No me gustan las banderas, ni los himnos, ni los desfiles… Me cuesta distinguir cuál es mi verdadera patria (más allá de la infancia y los amigos, quiero decir). Me duele lo que ocurre en casa de mis vecinos y lo que sucede en una apartada aldea de Nigeria (sólo que me es más fácil tratar de comprender lo que le sucede al vecino y también me resulta más sencillo tratar de ayudarle).

Estoy con mi amiga Belmont cuando me escribe, desde el horror y el dolor de la masacre en Paris, y me asegura que se siente «impotente ante tanta maldad. El único consuelo y la única forma de cambiar el mundo es amando a los que nos rodean. Es la única revolución eficaz«.

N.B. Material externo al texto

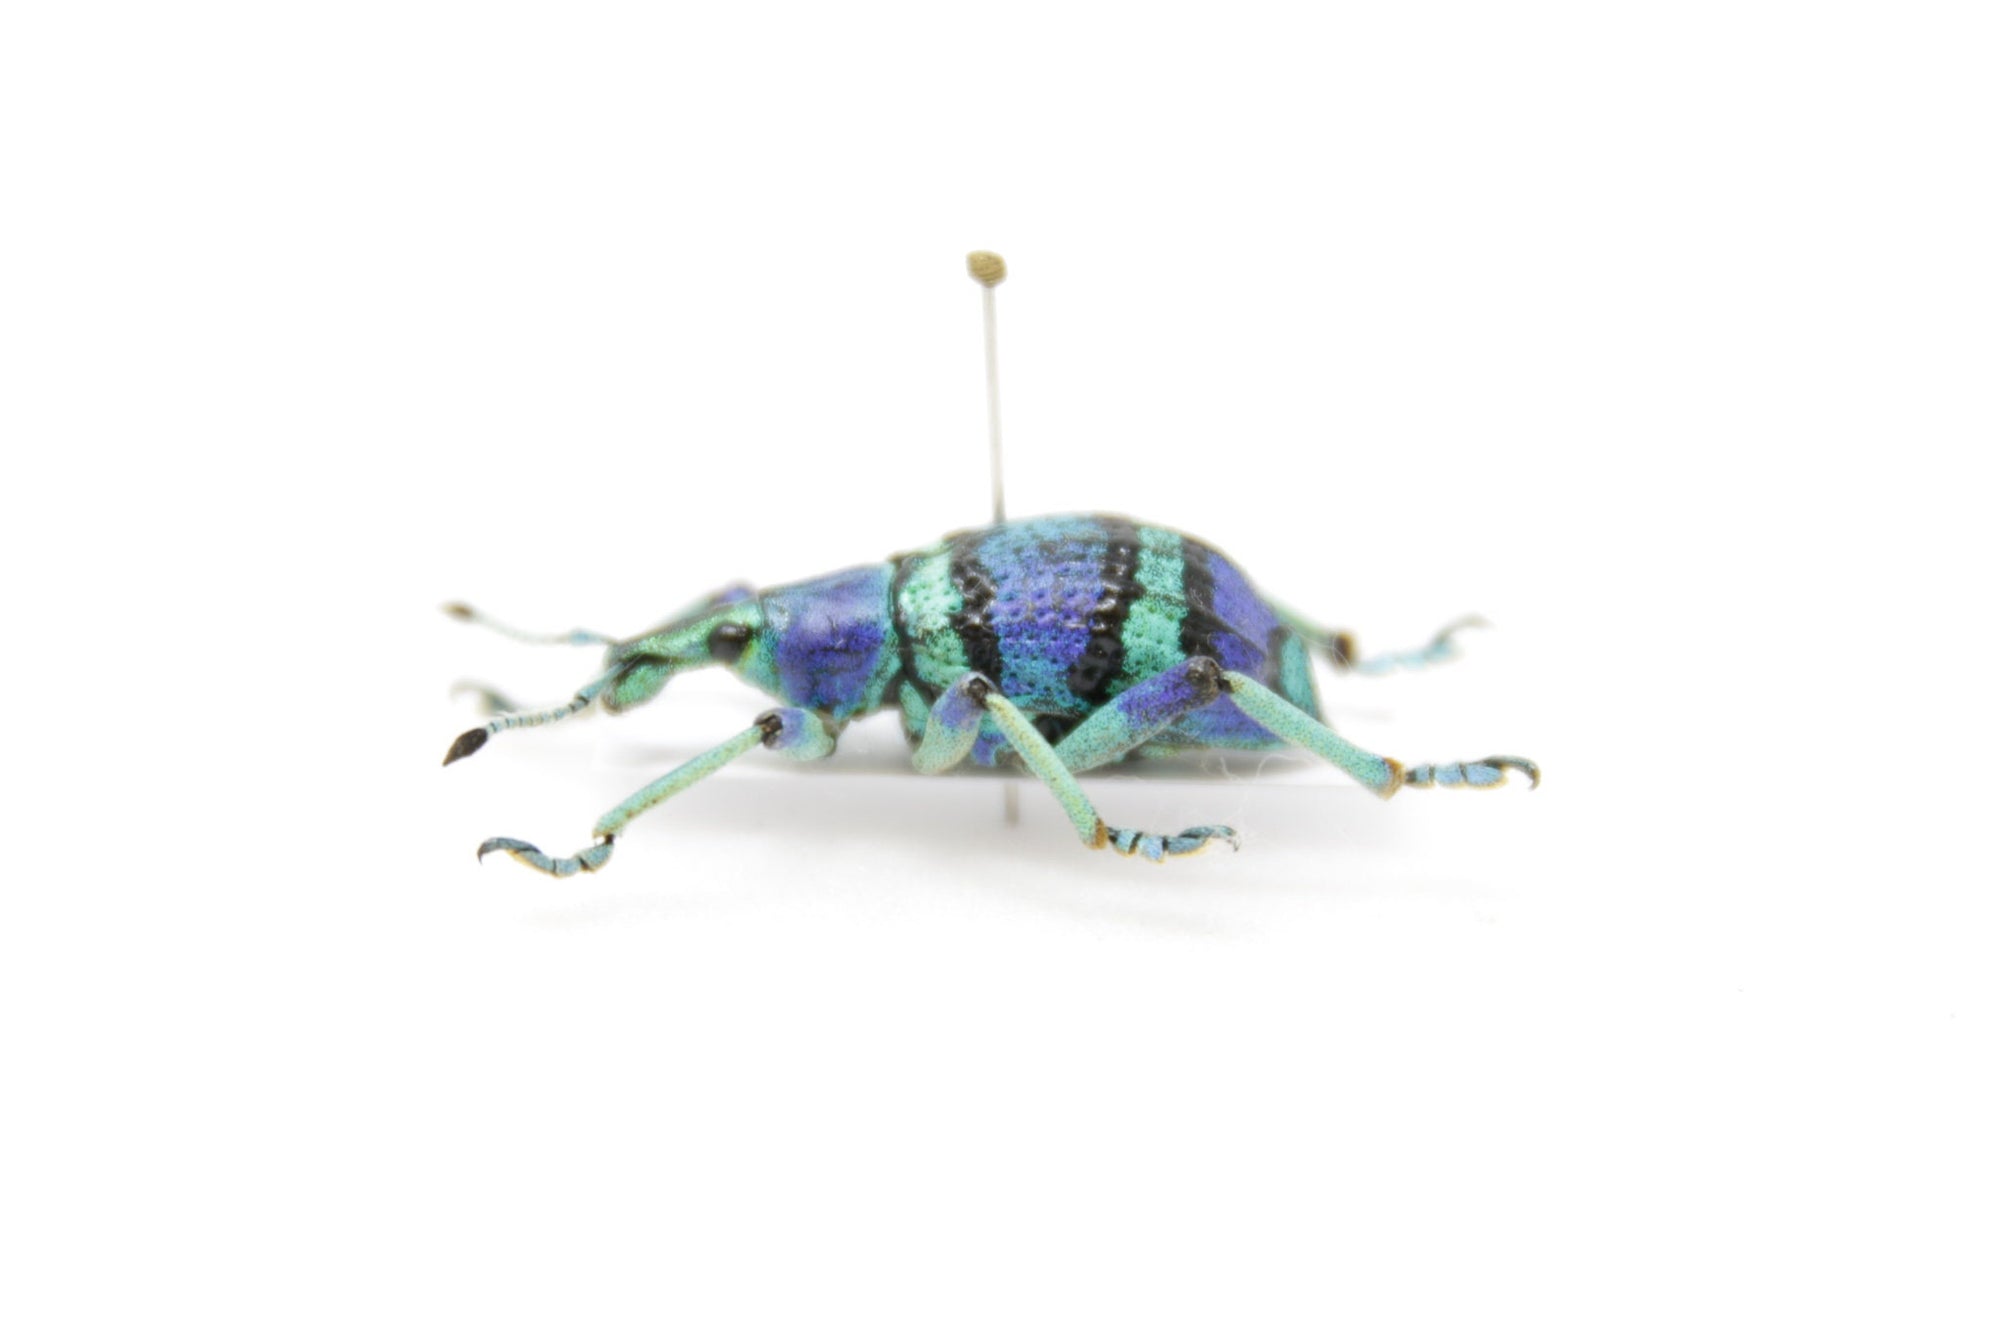 Eupholus schoenherri, Arfak Irian Java, A1 Real Beetle Pinned Set Specimen, Entomology Taxidermy #OC97

Sí, es la única revolución posible, la única que funciona a escala humana, la única que podemos gobernar por nosotros mismos. No me gustan las soflamas de los salvapatrias, empeñados casi siempre en juzgar y condenar (entender, y perdonar, es mucho más difícil y no está al alcance de los estúpidos).

Ya está bien de mítines y de arengas de falsete. Por las redes, con nombre y apellidos (quiero decir: gente que conozco en el mundo real, fuera de este universo electrónico), se pasean individuos que van por el mundo (el real, insisto) repartiendo estopa, con cara de ñu desde que se levantan, amargándole la existencia a sus semejantes, destilando veneno, conspirando, amenazando, robando, engañando, gritando… Gente que sólo mira su propio ombligo y les importa un pimiento lo que le ocurre al vecino, pero que se vuelven solidarios, pacíficos, empáticos y hasta simpáticos… en las redes sociales, y en especial cuando estas se ven sobresaltadas por algún acontecimiento trágico. Los más refinados de esta especie, tóxica y muy peligrosa, son capaces de disfrazar su verdadera condición en el mundo real señalándose con entusiasmo en los escenarios políticamente correctos (siempre y cuando tengan público que pueda disfrutar de su bondad y compromiso). Algunos son así por pura maldad y otros sencillamente porque son estúpidos (lo segundo es mucho más frecuente).

La única revolución posible es la revolución de lo próximo, de lo cercano. Menos mítines, arengas y soflamas, menos teatro, y más sonreírle al vecino, llegar al trabajo silbando, pedir perdón, decir buenos días, abrazar, ceder el paso, no tocar el claxon, echarle una mano al amigo, dar las gracias, preguntar al que está triste, no exigir, no suponer, brindar con la gente a la que quieres y decirle que la quieres, regalar música o vino sin motivo, etc… etc… etc…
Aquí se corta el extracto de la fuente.